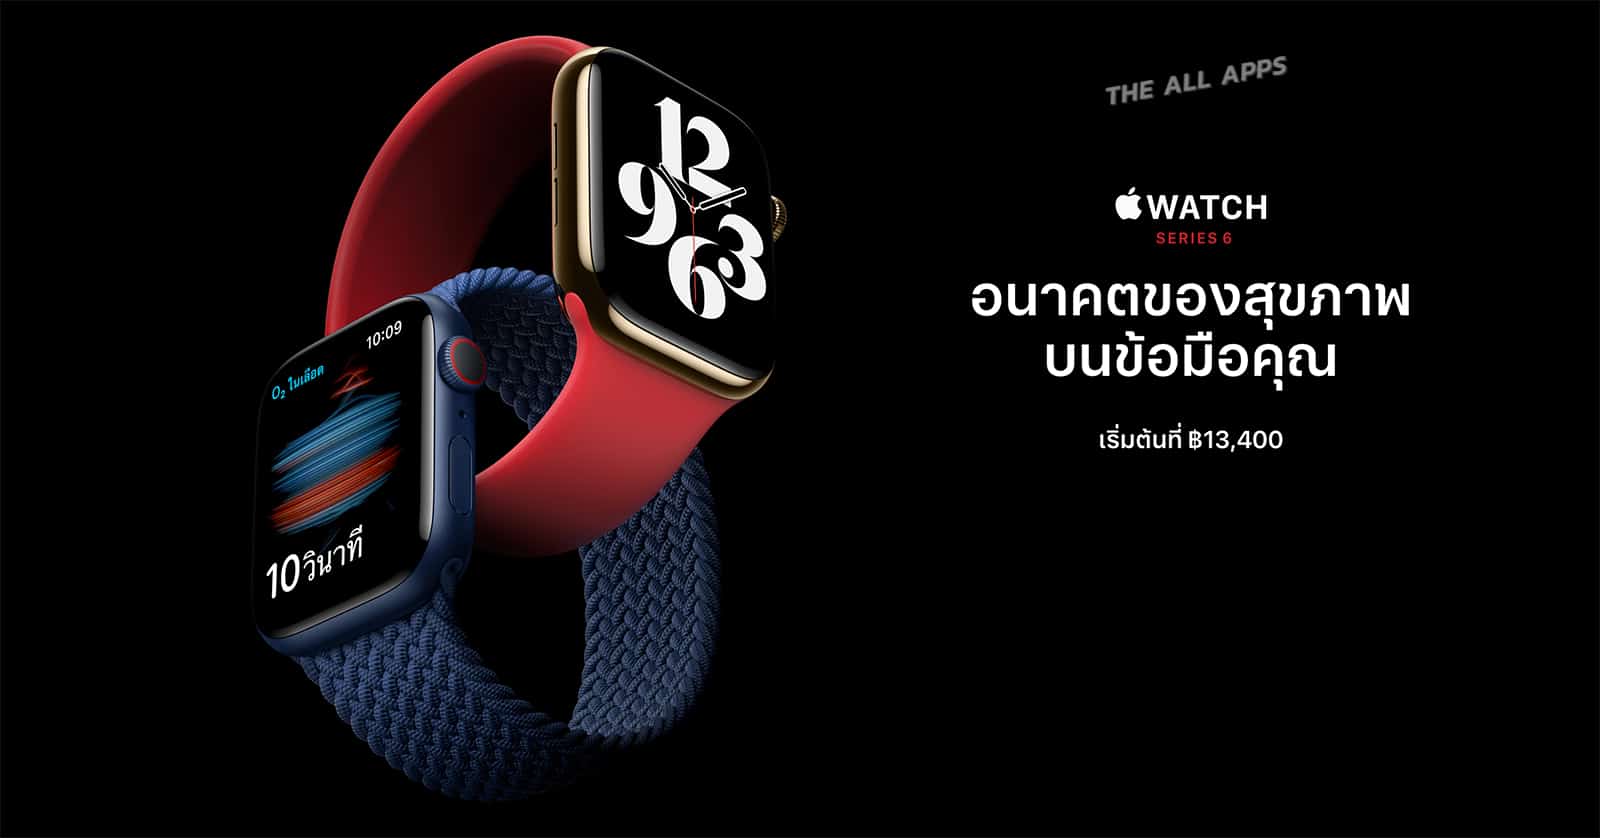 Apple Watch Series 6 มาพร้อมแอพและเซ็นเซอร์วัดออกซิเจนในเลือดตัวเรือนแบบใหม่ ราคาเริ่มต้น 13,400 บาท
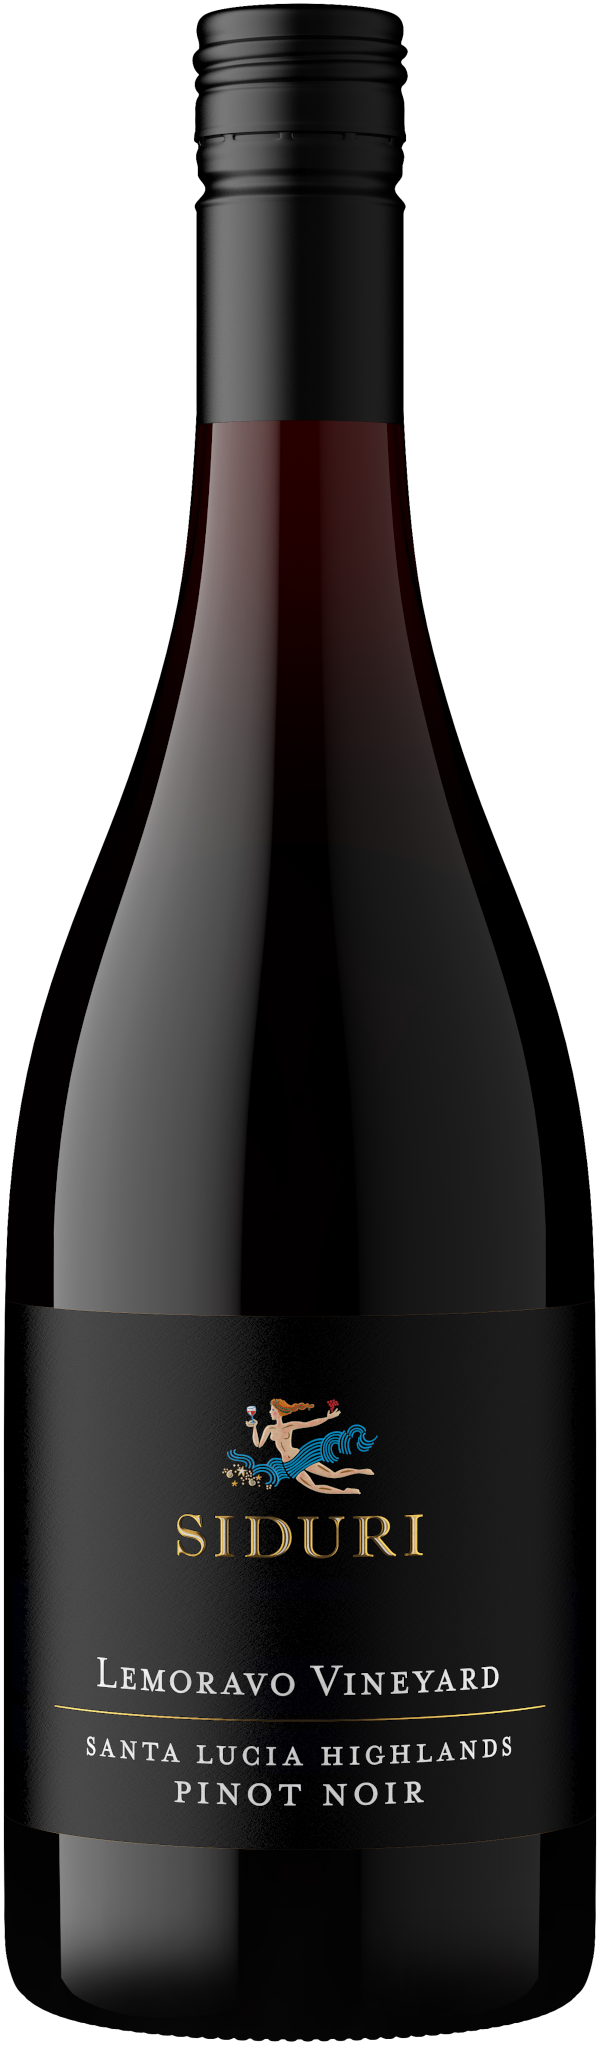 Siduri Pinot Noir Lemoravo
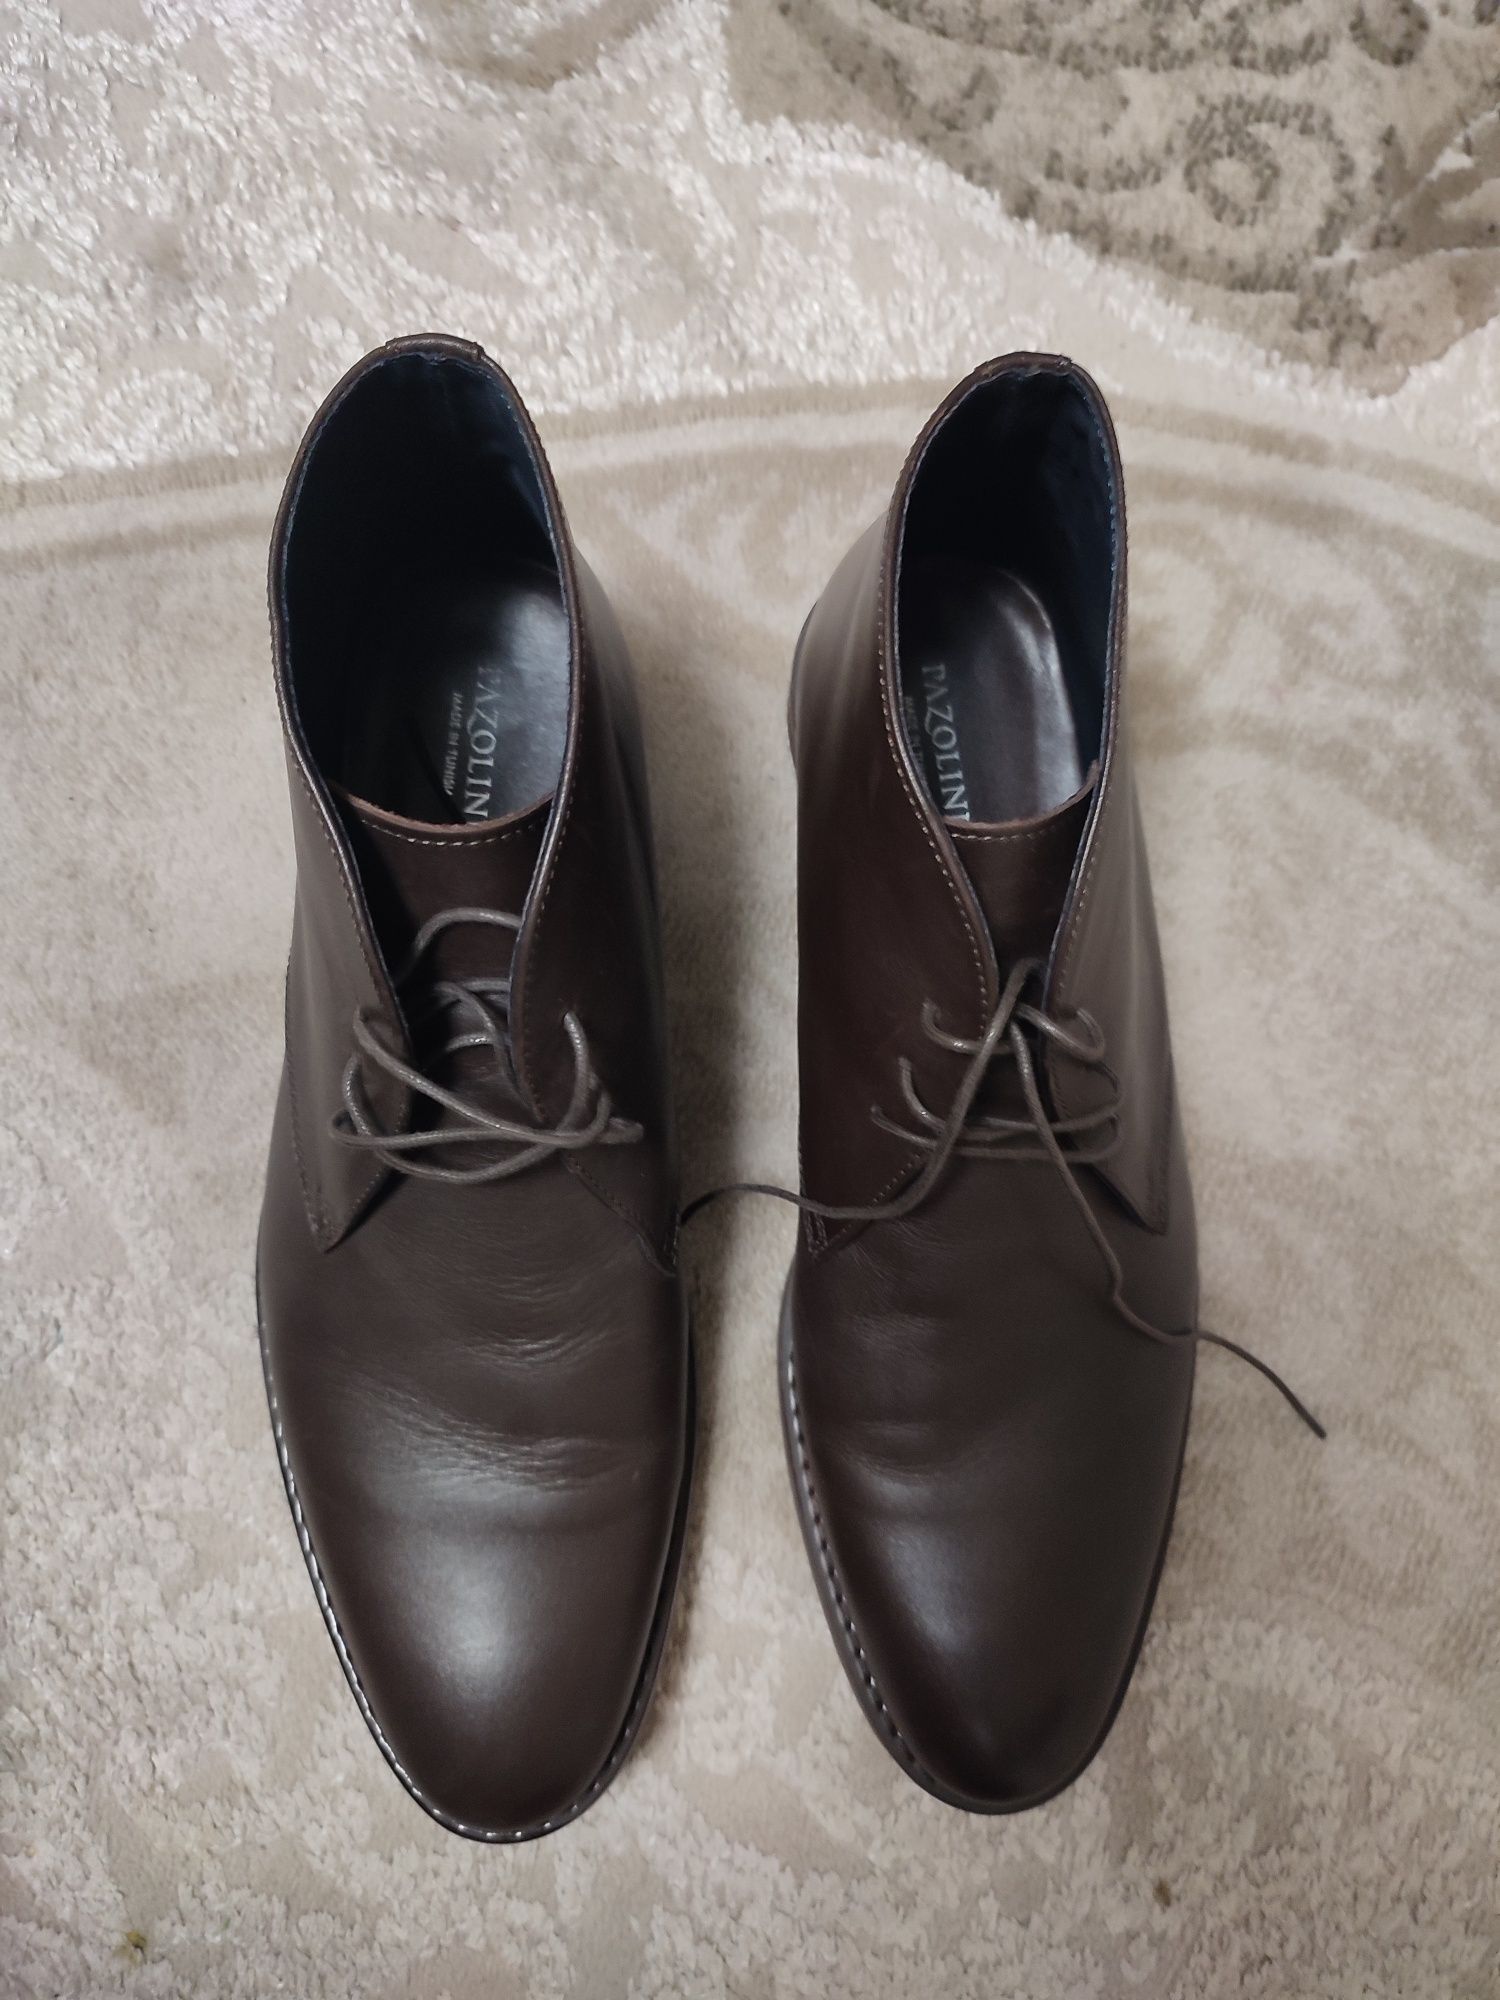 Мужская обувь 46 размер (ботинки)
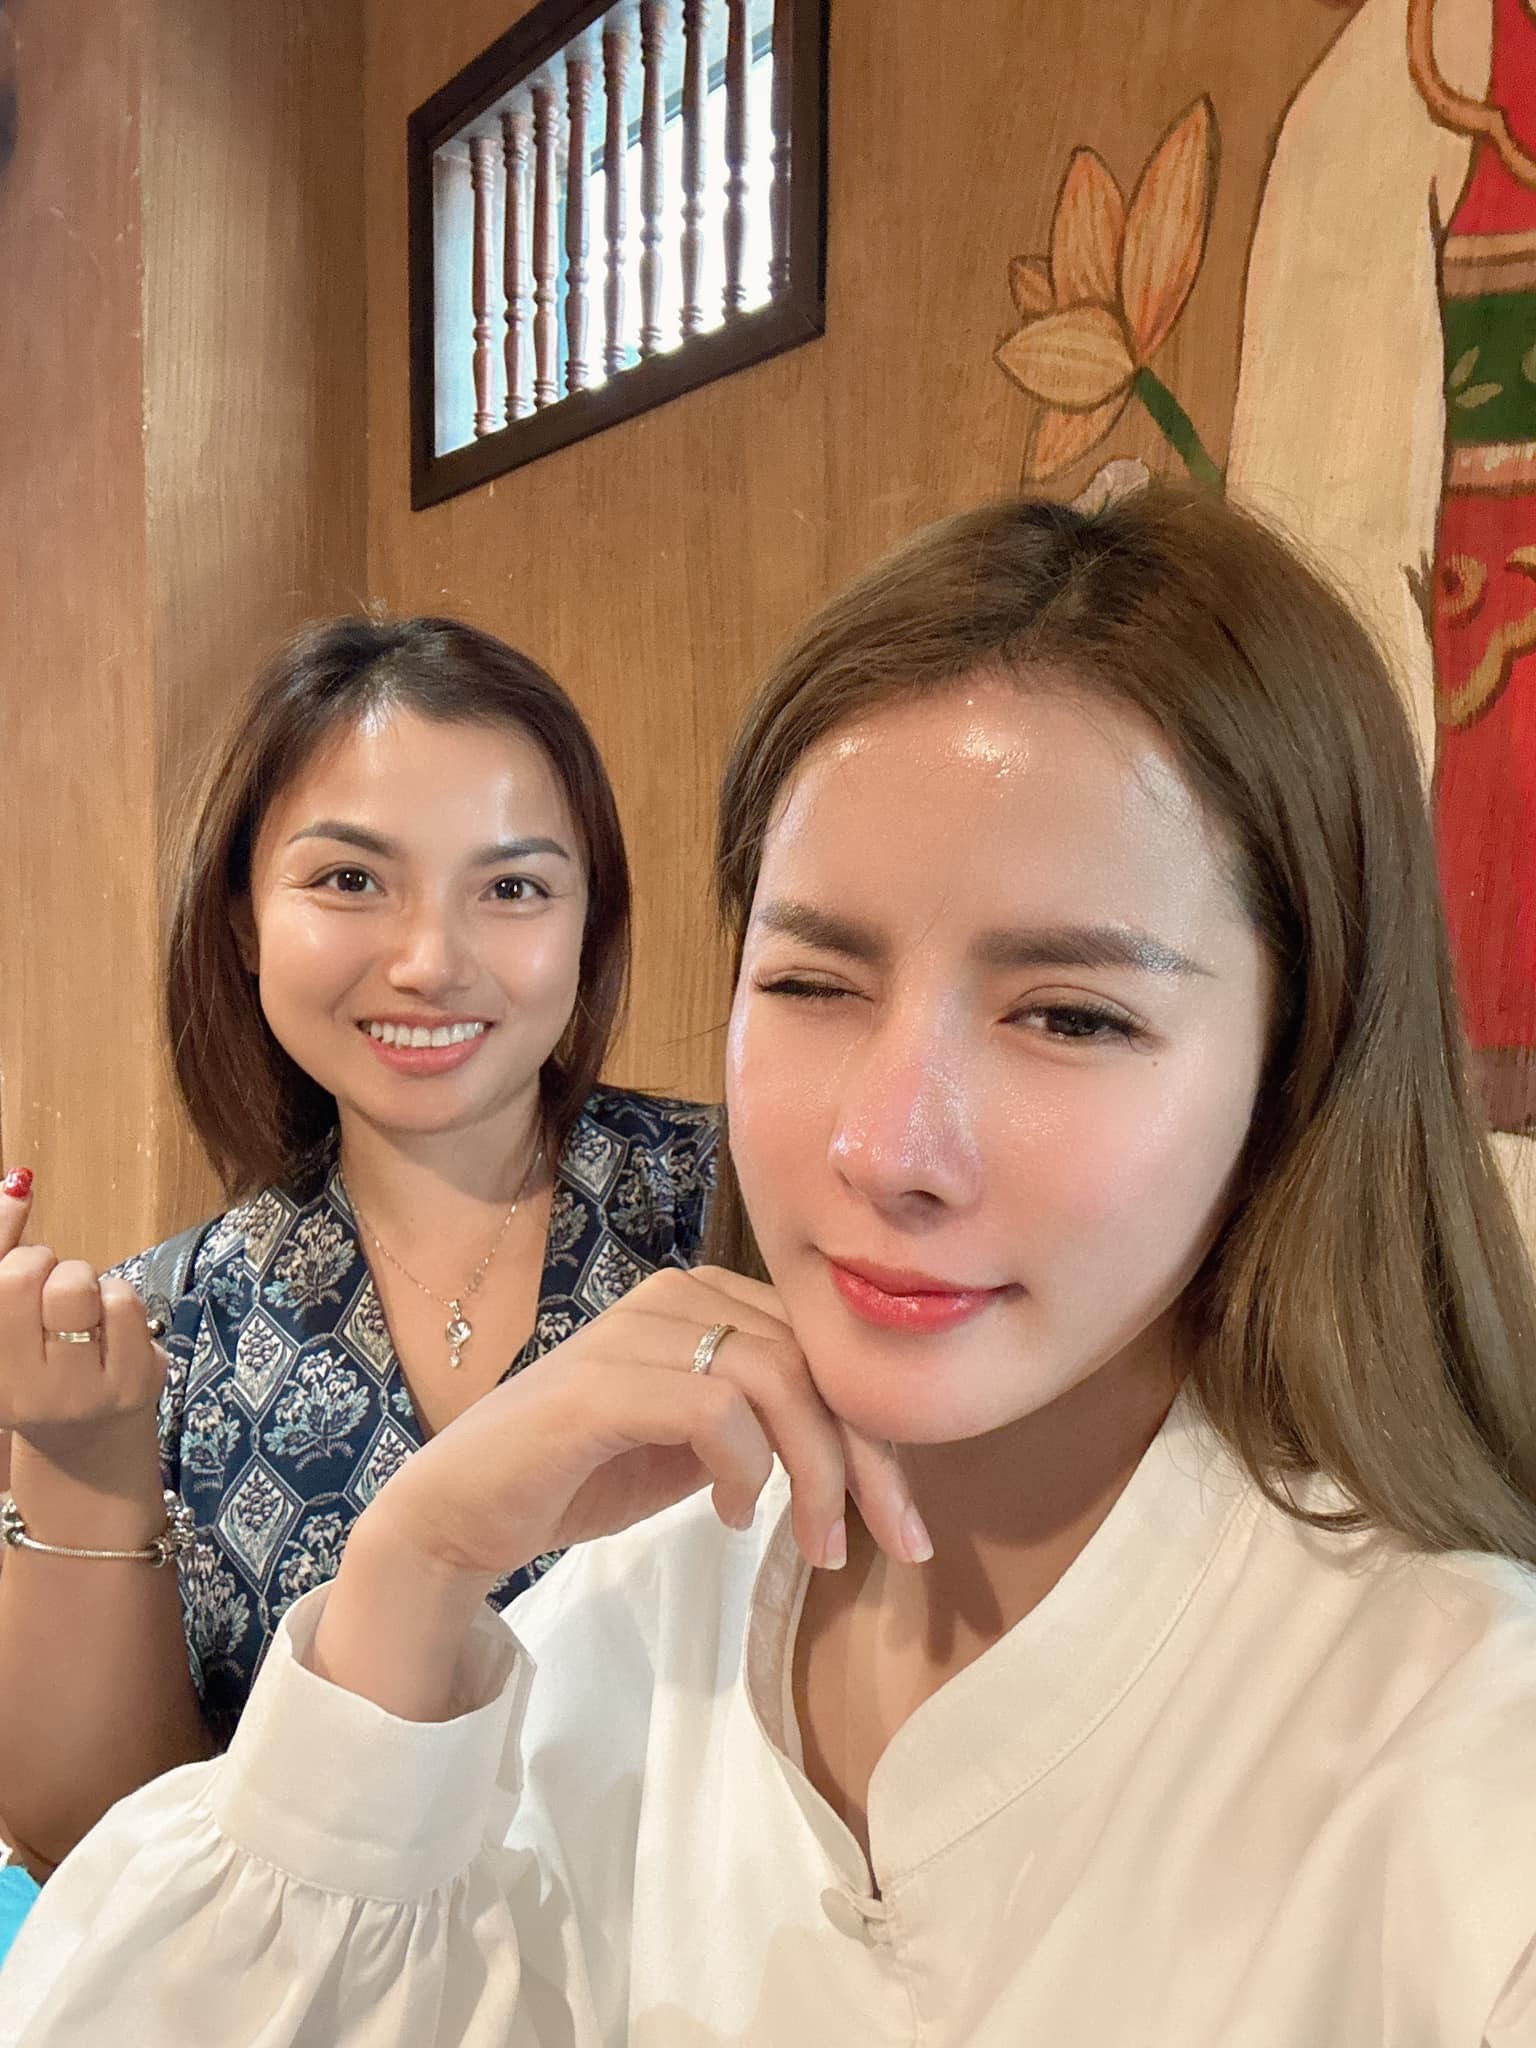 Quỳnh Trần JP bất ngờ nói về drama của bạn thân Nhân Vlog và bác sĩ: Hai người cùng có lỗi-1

• **Work instruction**
Copy the lines above exactly and exclude every image.

• **Answer to the exercise**
 Apple Watch Series 6 มาพร้อมแอพและเซ็นเซอร์วัดออกซิเจนในเลือดตัวเรือนแบบใหม่ ราคาเริ่มต้น 13,400 บาท
 Siduri Pinot Noir Lemoravo
 Мужская обувь 46 размер (ботинки)
 Quỳnh Trần JP bất ngờ nói về drama của bạn thân Nhân Vlog và bác sĩ: Hai người cùng có lỗi-1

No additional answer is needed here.